* _How to complete this task_
Output the full listing exactly as written, with no pictures in it.

START Data extract

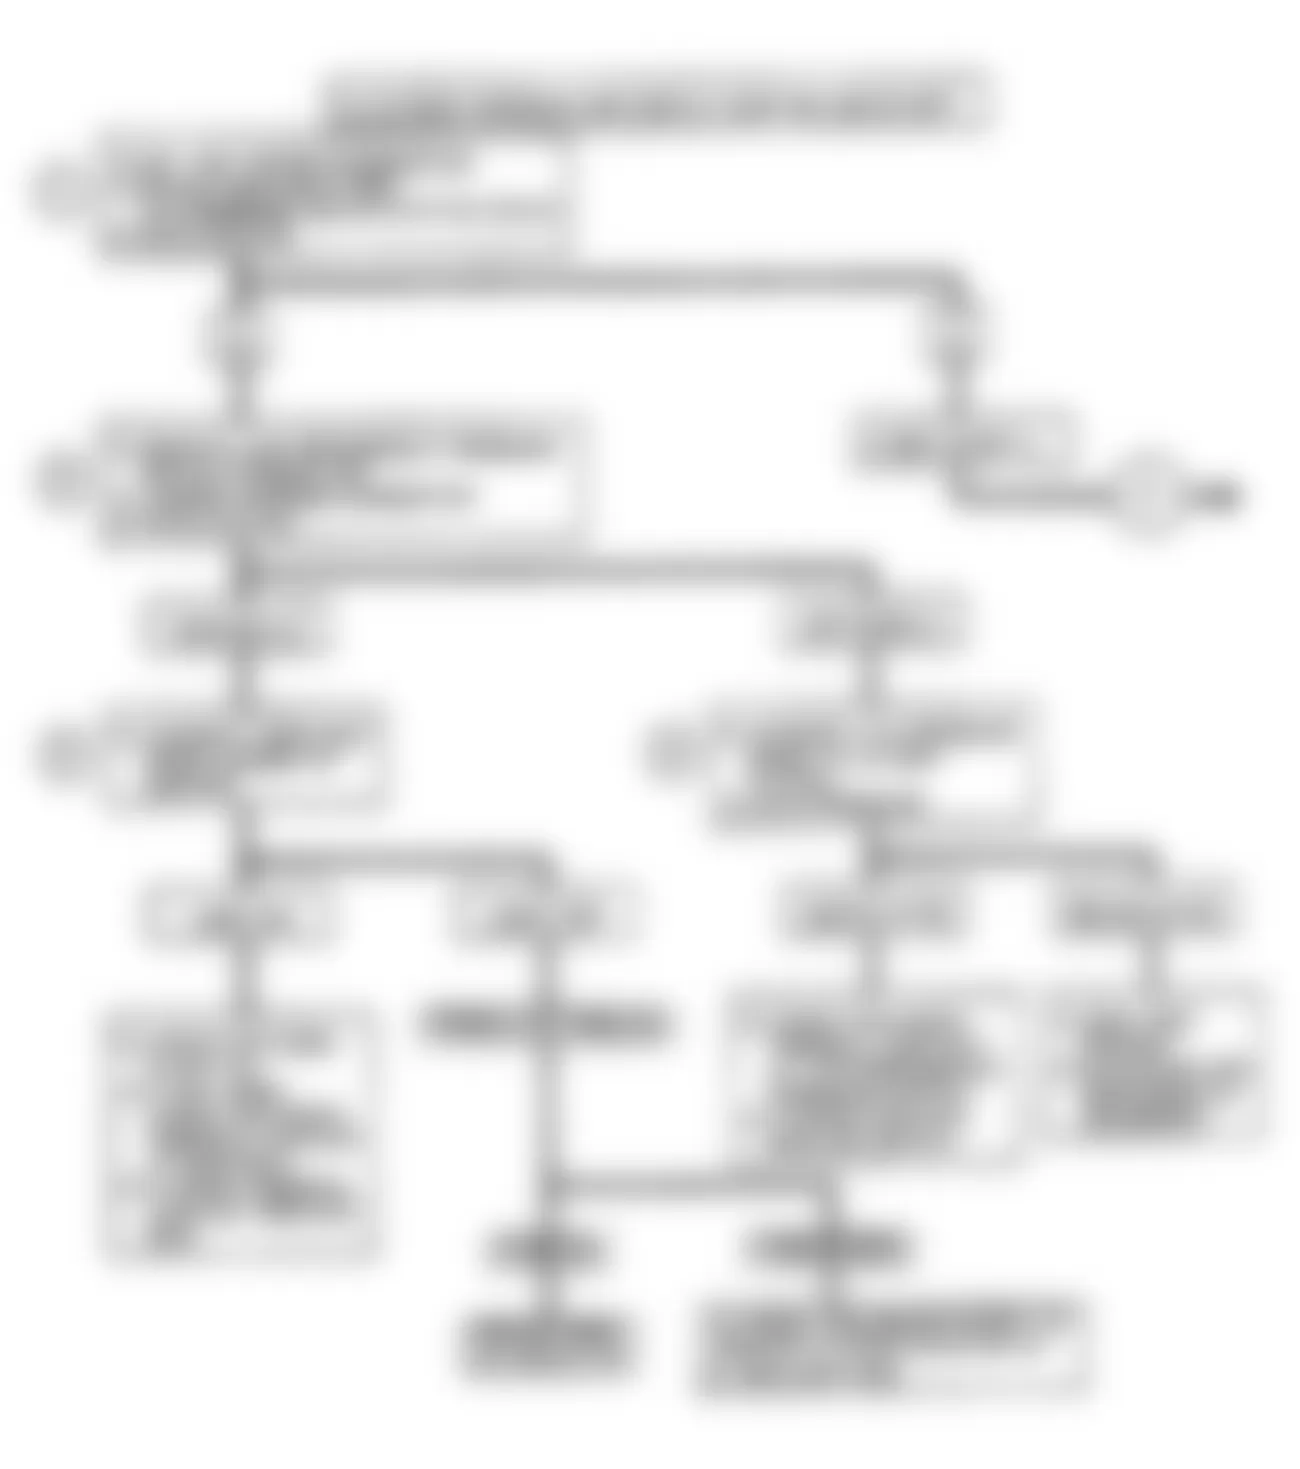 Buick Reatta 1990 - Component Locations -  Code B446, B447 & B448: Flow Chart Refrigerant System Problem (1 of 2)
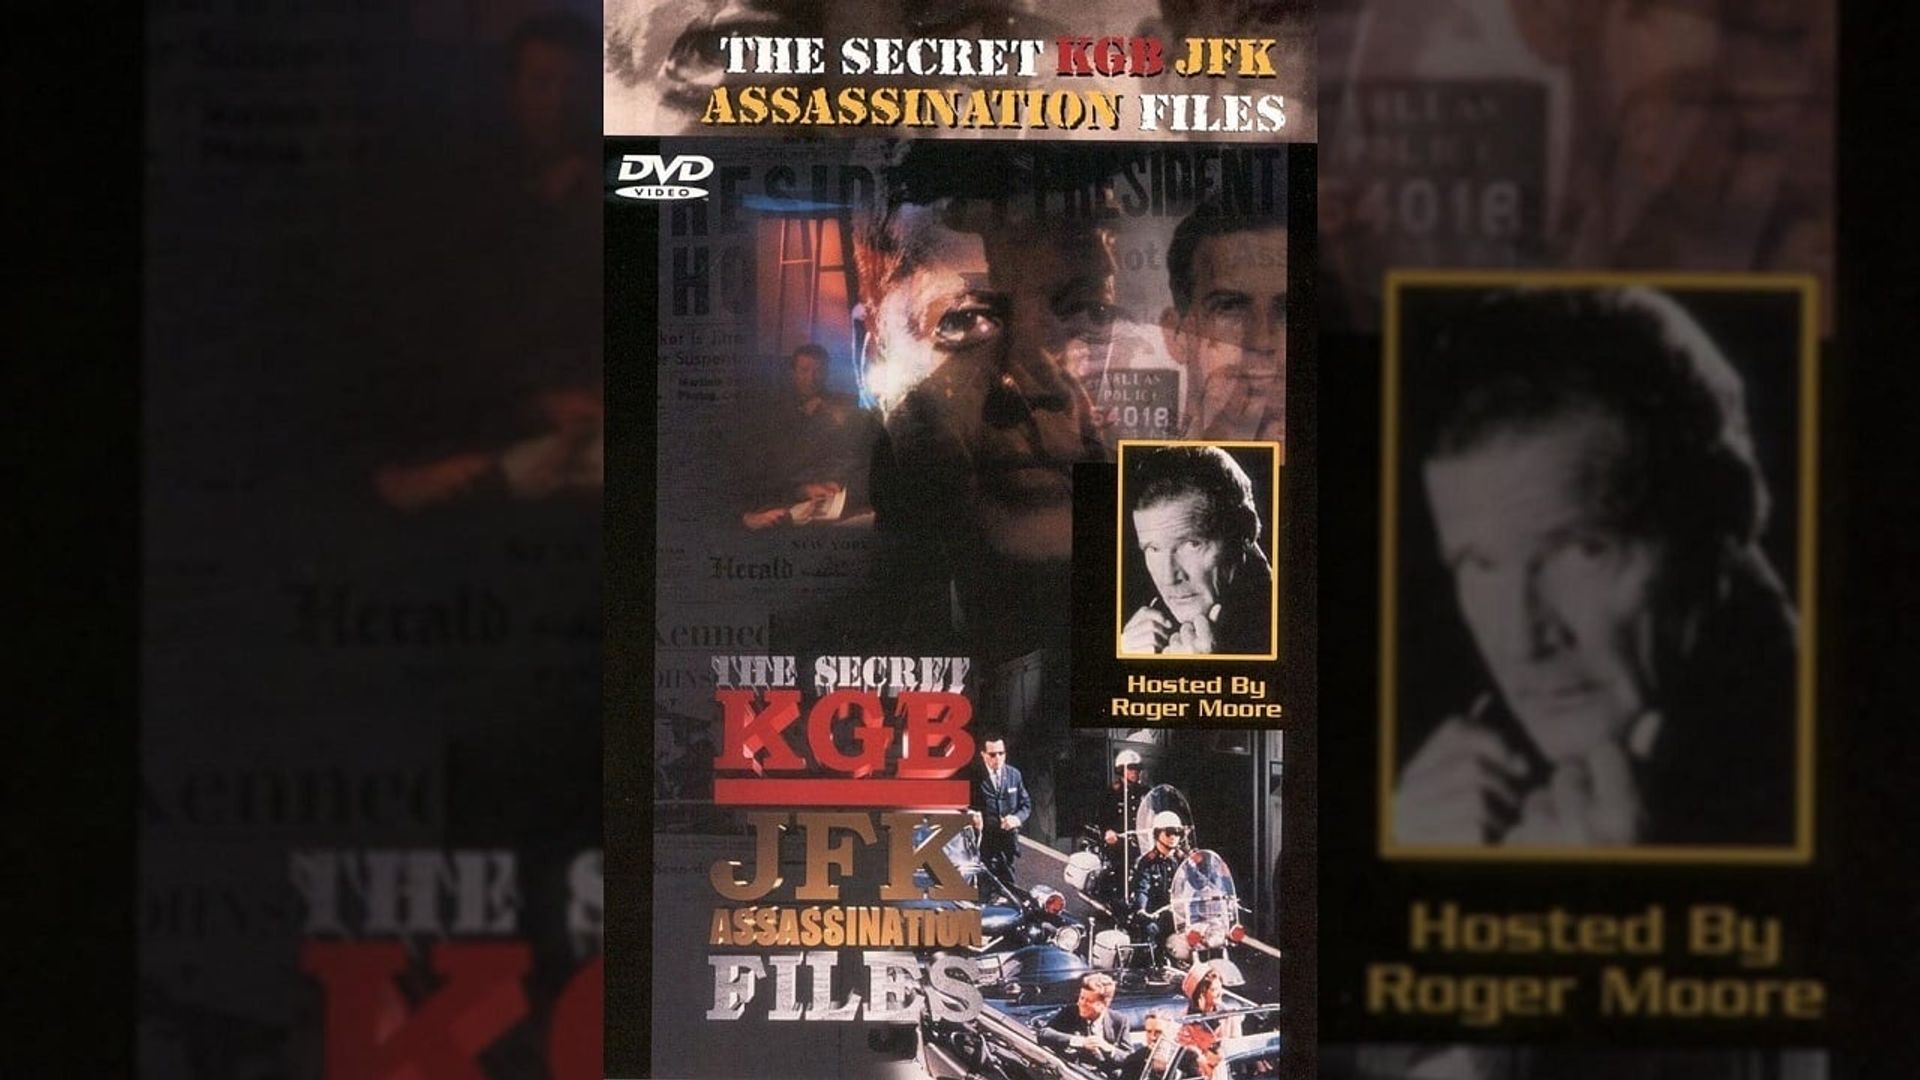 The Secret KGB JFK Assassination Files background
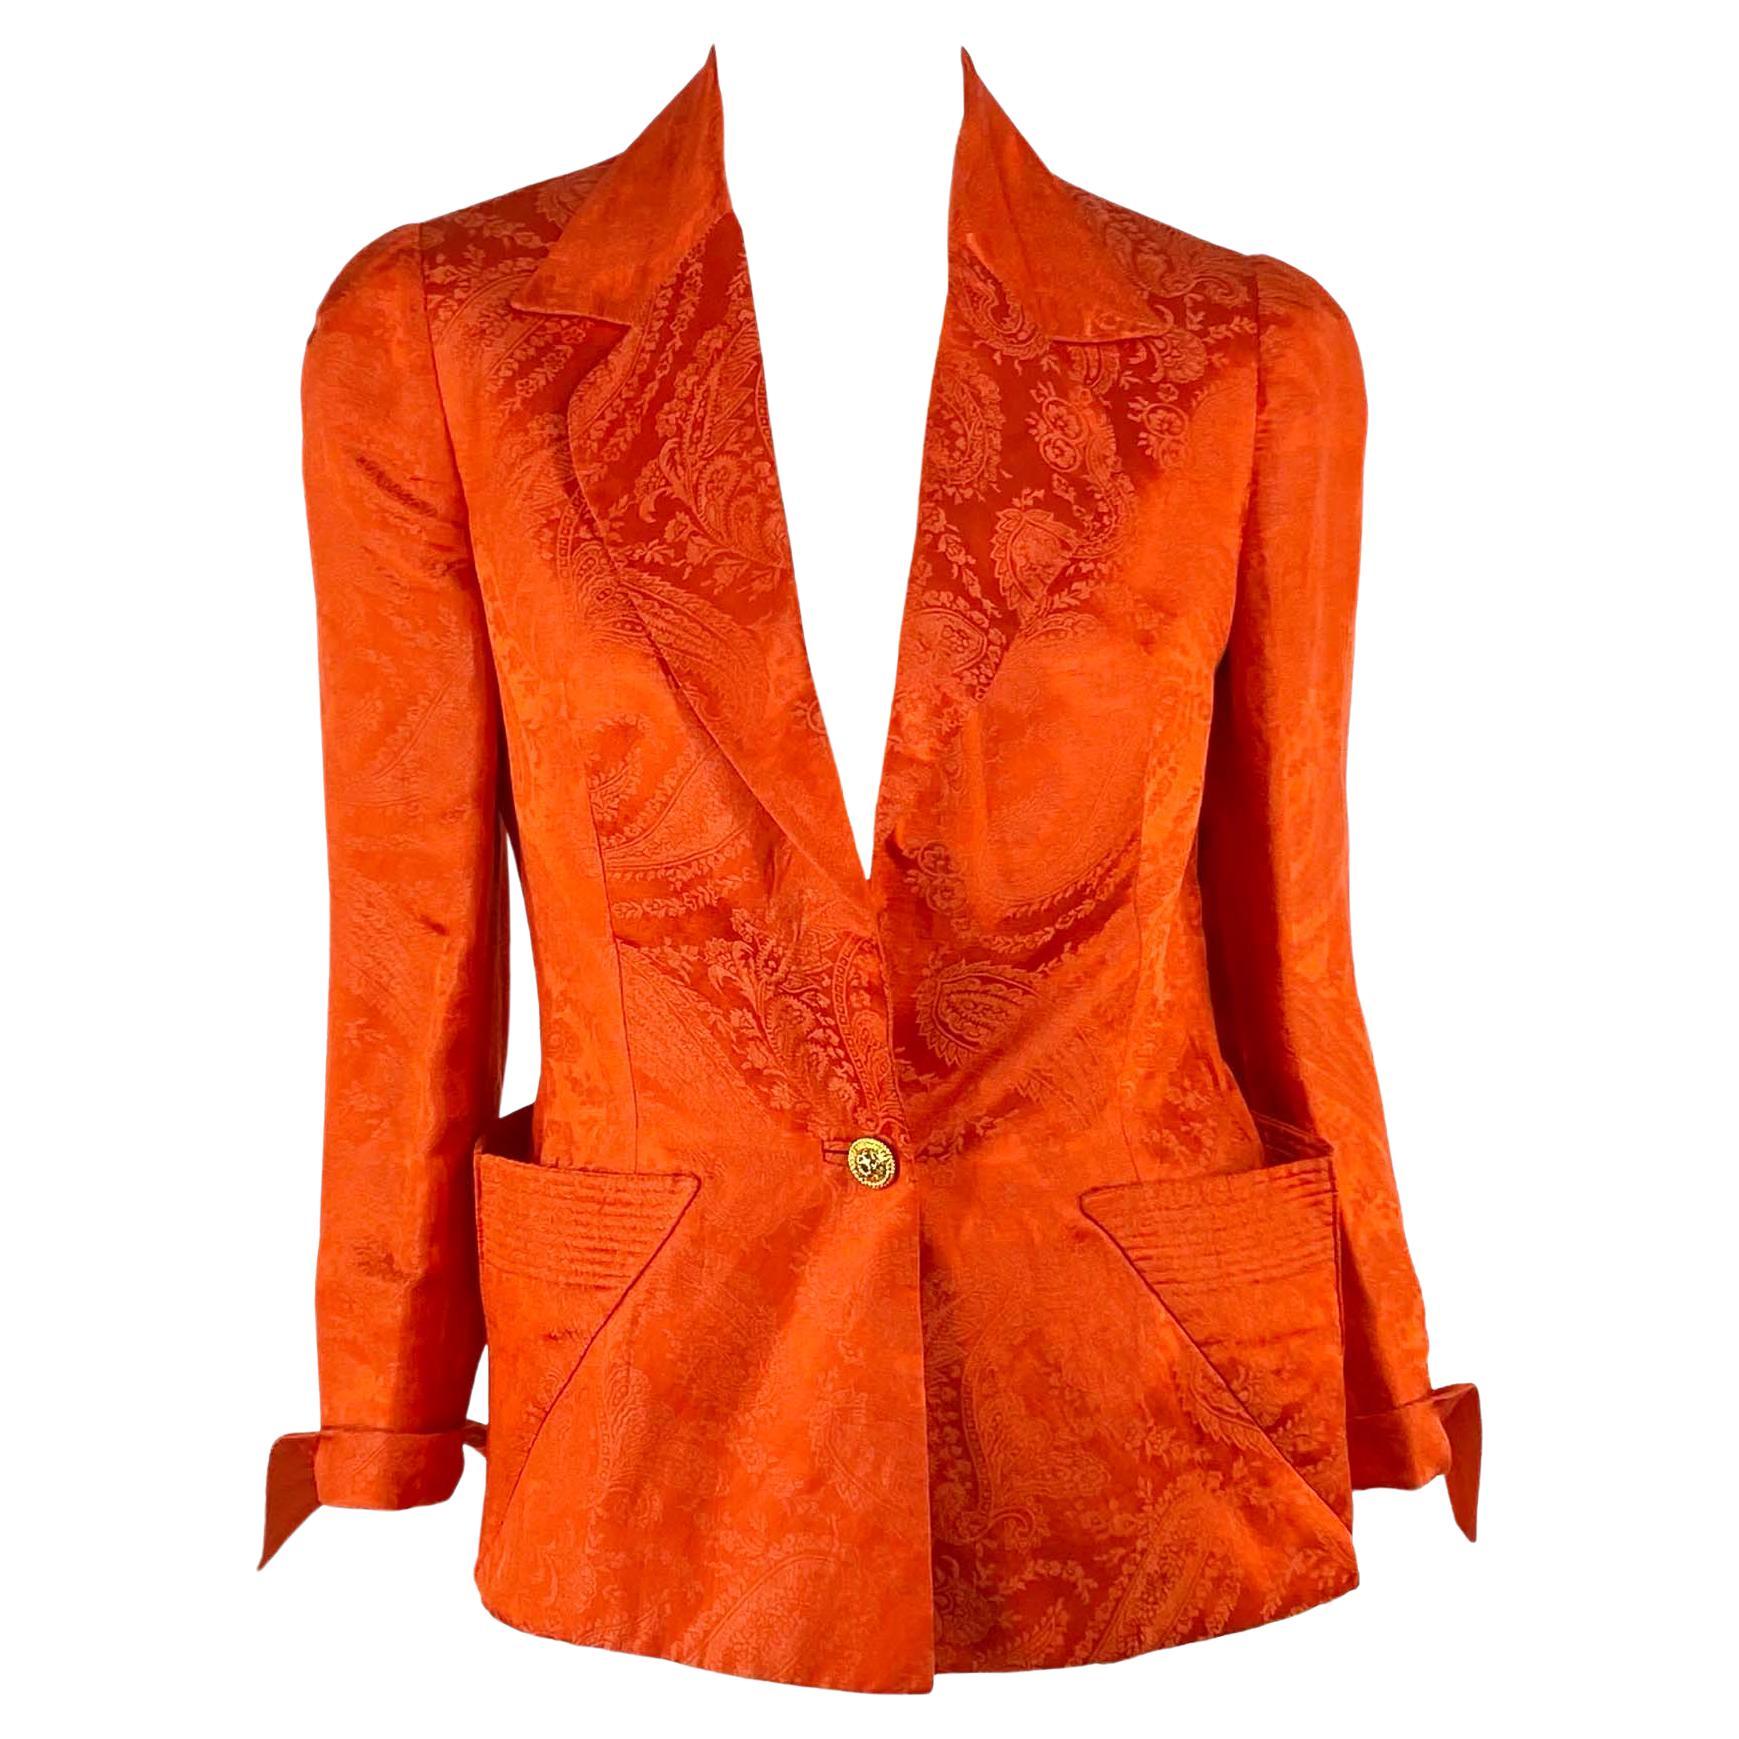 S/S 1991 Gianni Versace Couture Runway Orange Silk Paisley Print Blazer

END Data extract

* _Answer to the problem_
 Buick Reatta 1990 - Component Locations -  Code B446, B447 & B448: Flow Chart Refrigerant System Problem (1 of 2)
 The Secret KGB JFK Assassination Files background
 S/S 1991 Gianni Versace Couture Runway Orange Silk Paisley Print Blazer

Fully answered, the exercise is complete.